Interesting stuff, but I’m not sure about its appropriateness on this side of the trade boundary, if the intent is just to educate those of us you assume are in a position to influence opinion.

As to the link:

"The rebate height is very important, which should be a minimum of 15mm for double glazing in a wooden frame, and the fitting a double glazed sealed unit into a standard wooden frame, with a 12mm rebate height designed for single glazing, is asking for trouble.  Also the rebate depth in wooden frames is often insufficient to allow for beading, and if a double glazed sealed unit is puttied in like single glazing, then again you are asking for trouble."

Any wooden window maker who puts only a 12mm rebate into their sashes hasn't been making windows long enough to have learnt that double-glazed unit manufacturers have a job getting each pane of the unit aligned. It doesn't take long to come to the conclusion, just by dint of experience, that 15mm is the minimum you can allow.

Likewise the gap at the bottom of the unit will come anyway as a result of raising the unit so that the top and bottom spacers align with the frame by the same amount.

Unless the window is a vertical slider, I always use an 18mm rebate, if only to allow for the tolerance insisted upon by the unit manufacturer, which can be up to 3mm overall, although my current supplier makes them precisely to size - usually. On a vertical slider the rebate has to be 15mm for the glazing bars to be narrow enough to be both proportional and strong enough.

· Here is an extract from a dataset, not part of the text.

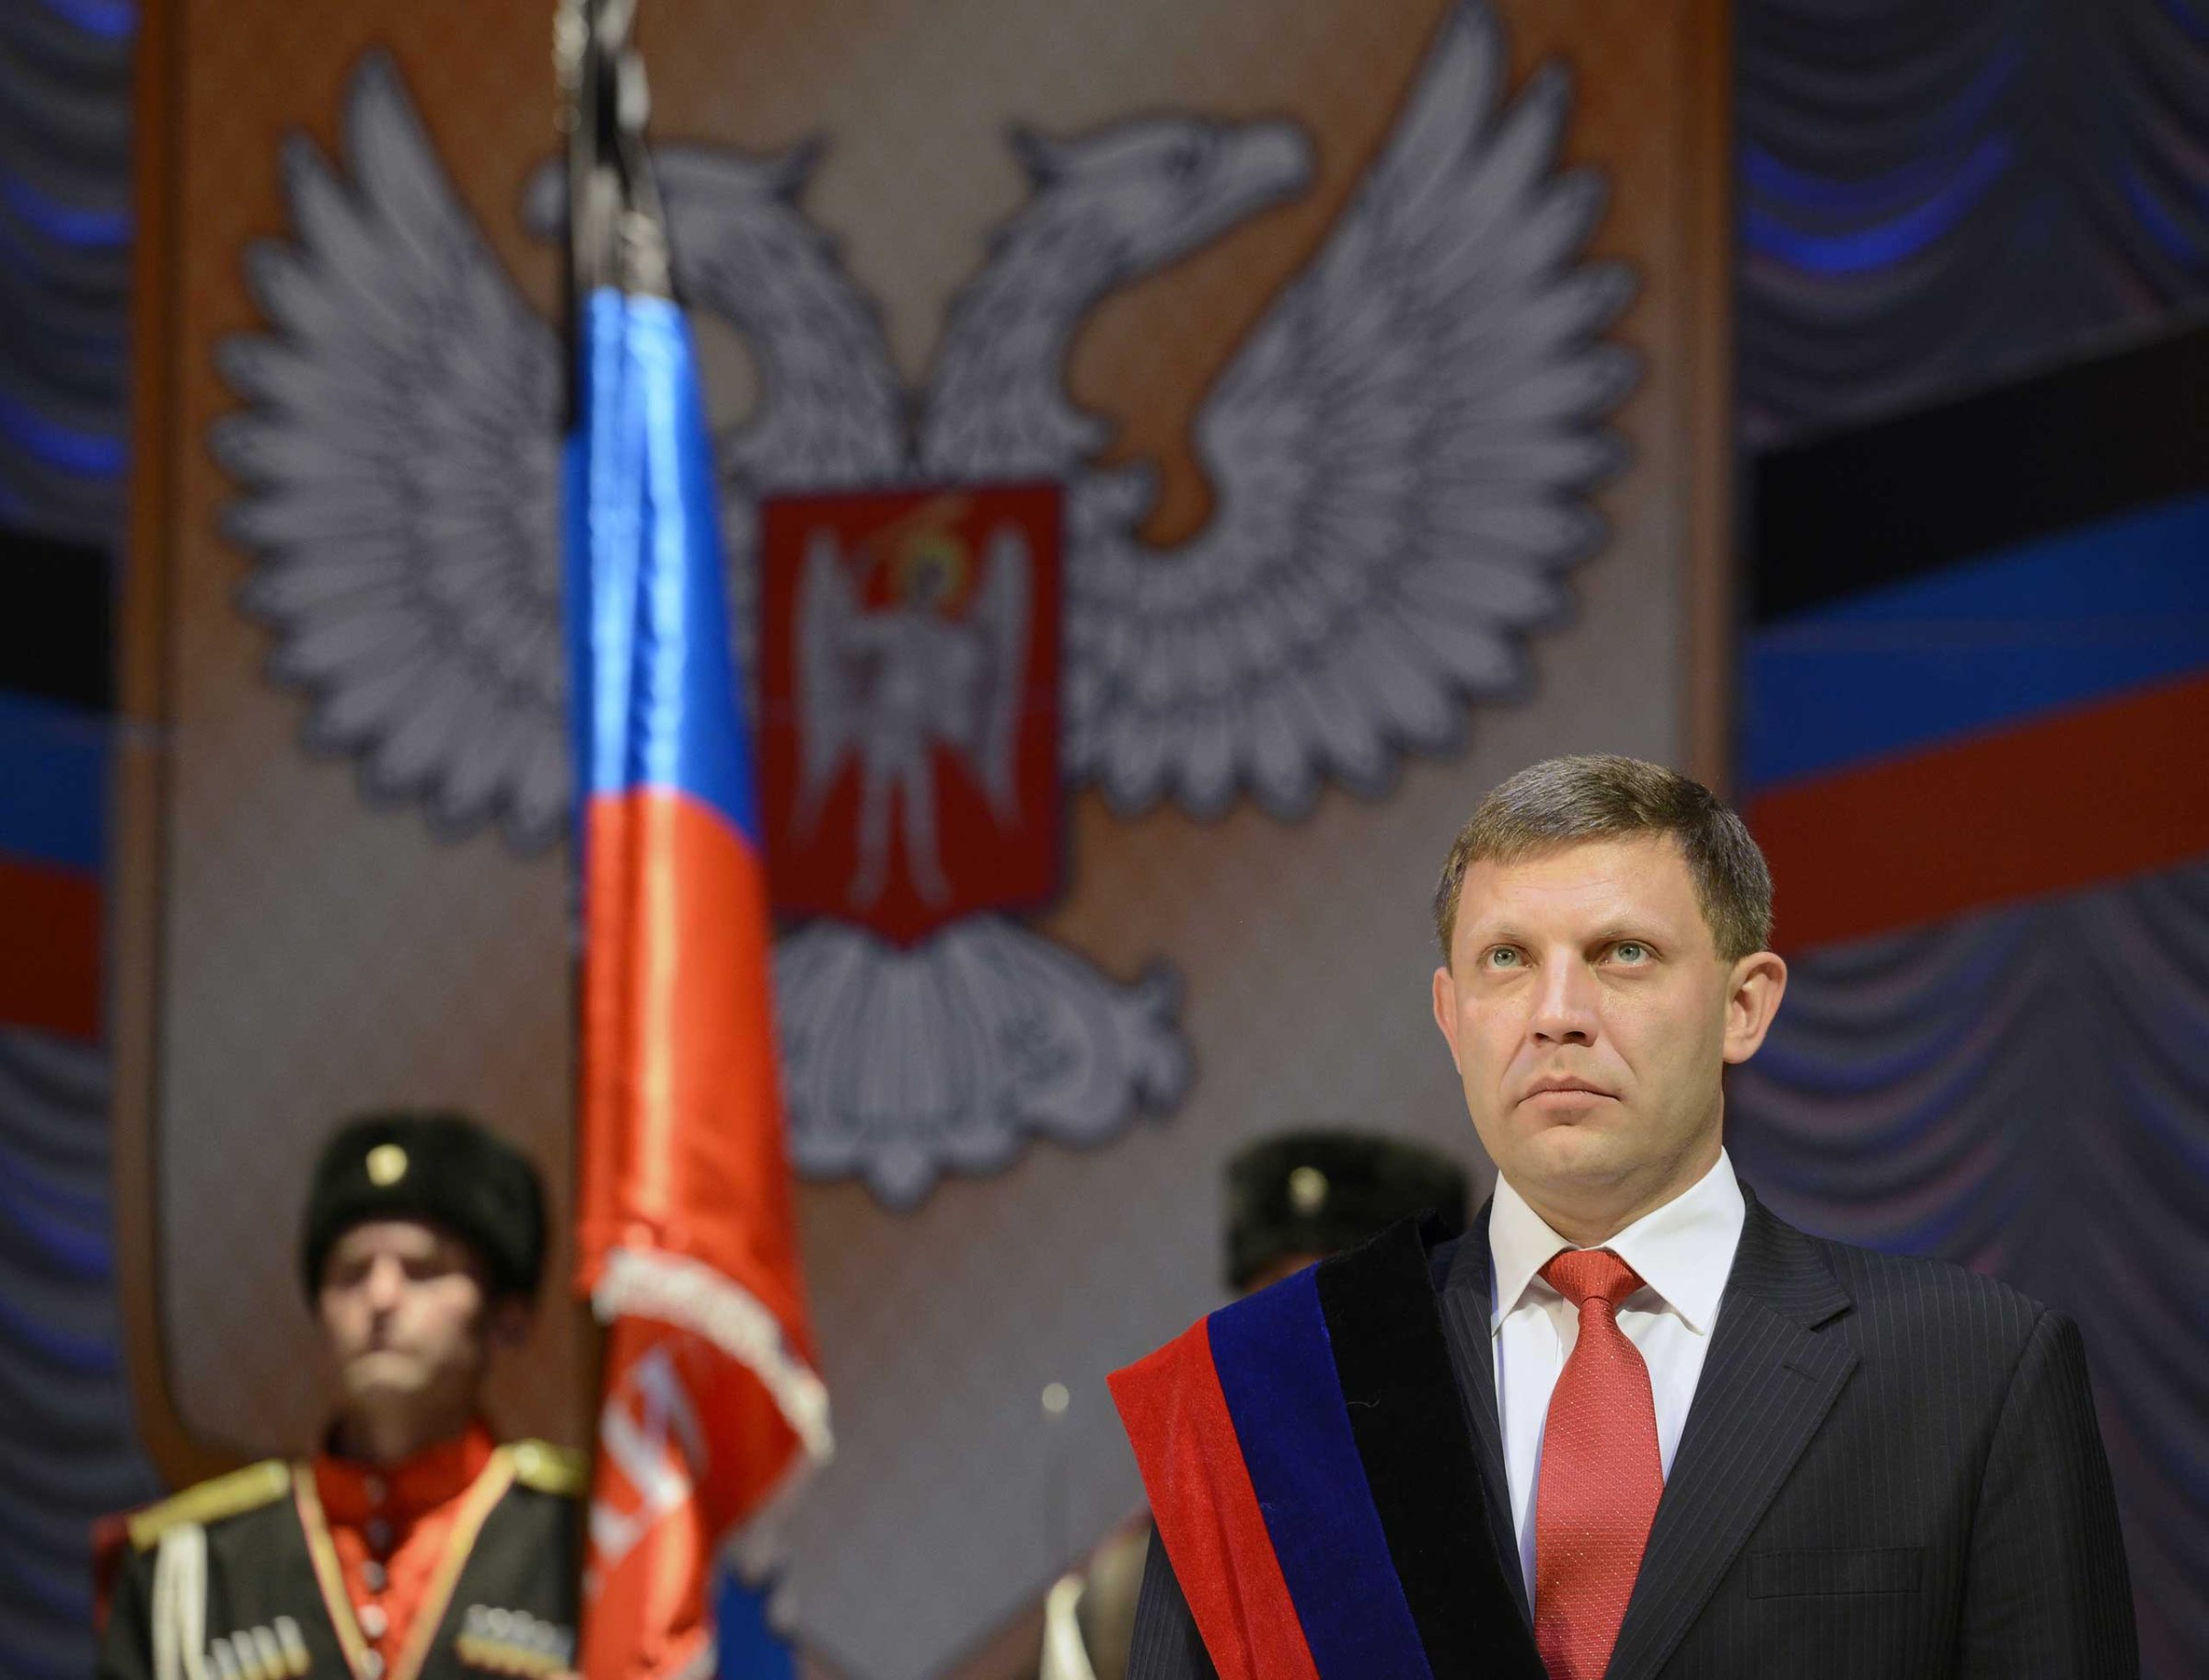 The newly elected leader of the self-proclaimed Donetsk People's Republic, Alexander Zakharchenko, takes the oath on Nov. 4, 2014 during an inauguration ceremony in the eastern Ukrainian city of Donetsk.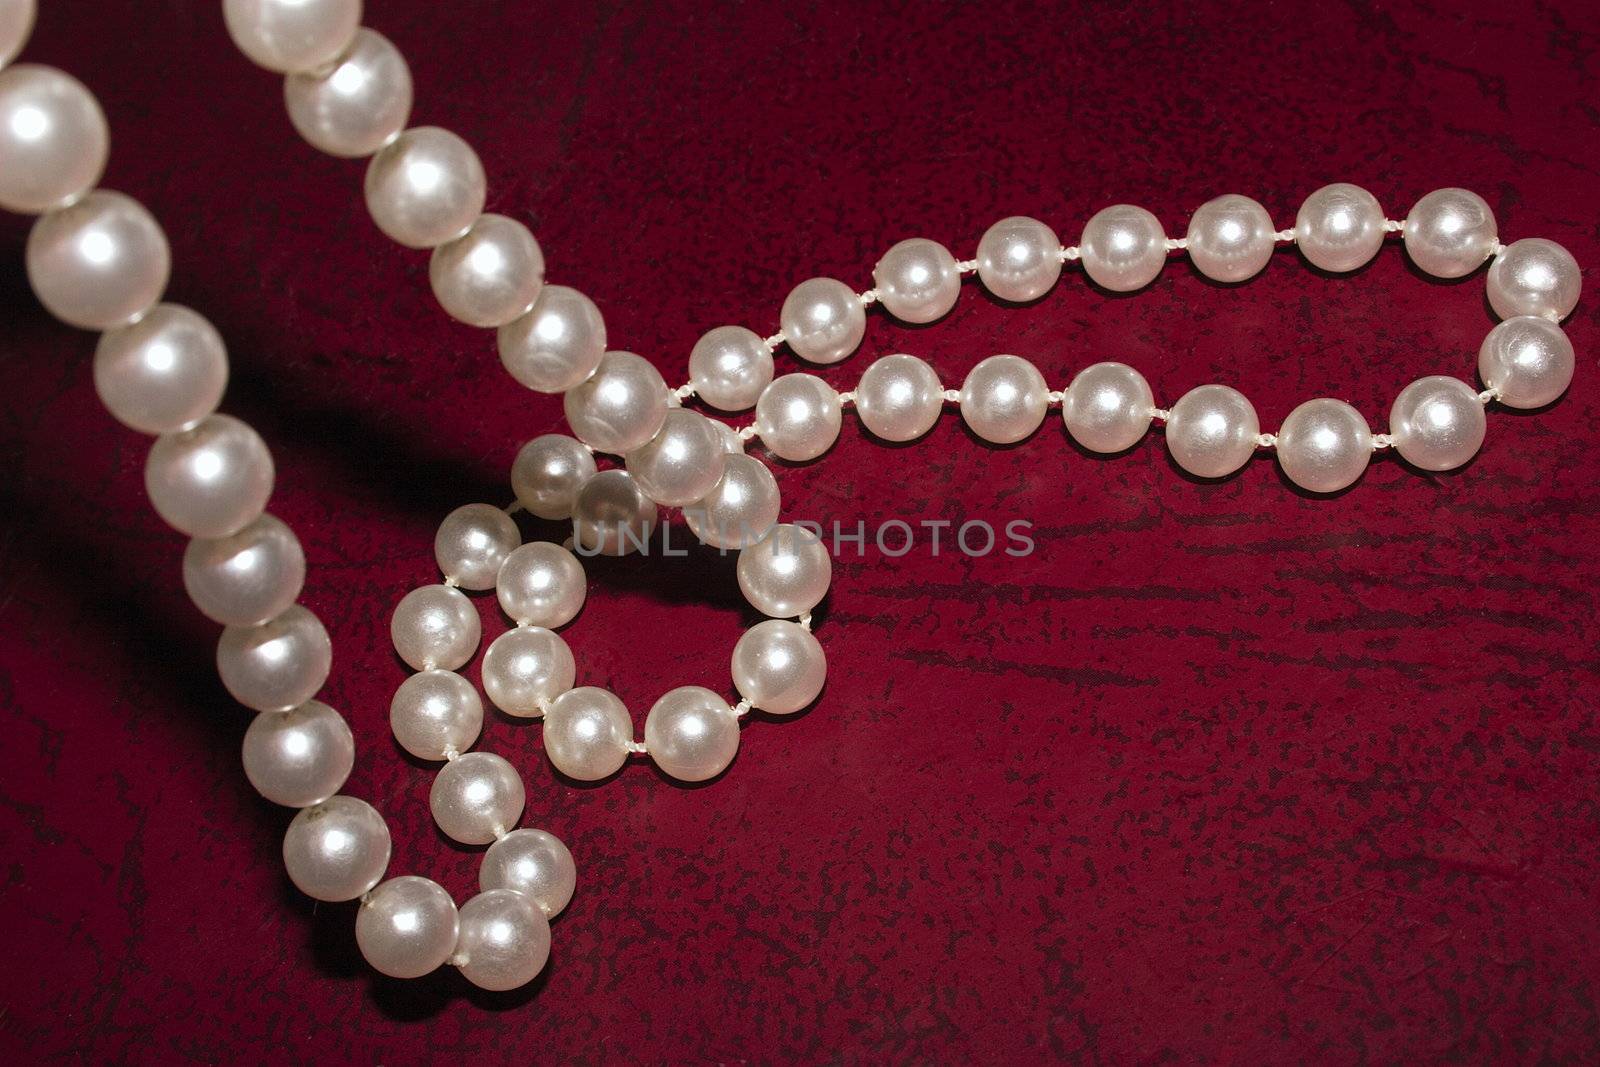 luxurious pearl necklace on a leather background

As for fixing and sealing the units - after the window has been treated with a water repellent (if softwood) and primed with two coats of acrylic primer (if to be painted), a bed of acrylic sealant (silicone isn't overpaintable) is run all around the rebate onto which the unit is pressed until it oozes out of the frame. A run of sealant is then run along the edge of the frame and around the unit level with the top of the spacer bar. The ends of the bottom bead is then smeared with sealant and pushed into place until the sealant oozes out along its entire length, the bead is then gently tapped along its full length with a small rubber mallet, increasing the pressure on the bead and its bed of sealant. A squirt of sealant is put onto the corner of that bead and the second length of bead fitted, the process being repeated around the full perimeter. Whilst the bulk of the extruded sealant is skimmed off with a spatula, the sealant is left to cure overnight and the now cured but flexible sealant is trimmed back flush with the frame with a Stanley knife.

There are no gaps as there are with rubber gaskets, the unit is totally sealed into a frame that can expand and contract in the most severe exposure location and won't leak. Drainage holes in windows fitted with rubber gaskets are there because the glazing is EXPECTED to leak; the whole system is designed to take water away from the vent. Well-constructed wooden windows are designed to stop water getting in in the first place.

Whilst I sympathise with your frustration at the perceived ignorance of the timber men and their obdurate refusal to accept change, you're saying that they should be giving their customers the choice between what they're familiar with and with something new. But the other factor is that for a hell of a lot of people the choice of a wooden window is making a statement about what they believe in; it isn’t all about cost, it’s only about cost when their choice is between timber and upvc, but as a “traditional window” man I wouldn’t be having that conversation because they wouldn’t be speaking to me, they’d be speaking to a upvc guy or a window fitter flogging Wickes’ stuff. They’re talking to me because they like the windows I’ve made for their friend, or because they’ve seen my van outside the house I’ve just fitted windows in. That’s timber vs. upvc.

As for traditional timber vs. timber system. Again, the people I see like the idea of something made in the traditional way, albeit with modern equipment – but a mortice and tenon joint is still that whether made with a tenon saw and chisel or a table saw and morticer. I’m not about to disabuse them, because I happen to share their view. And whilst I’ll concede that there might well be a time when the ‘new’ wood would be very useful in some applications, as eighty-five or ninety per cent of my customers expect traditional materials worked by traditional methods, the remaining fifteen or ten per cent hardly amounts to a revolution worth half a barricade.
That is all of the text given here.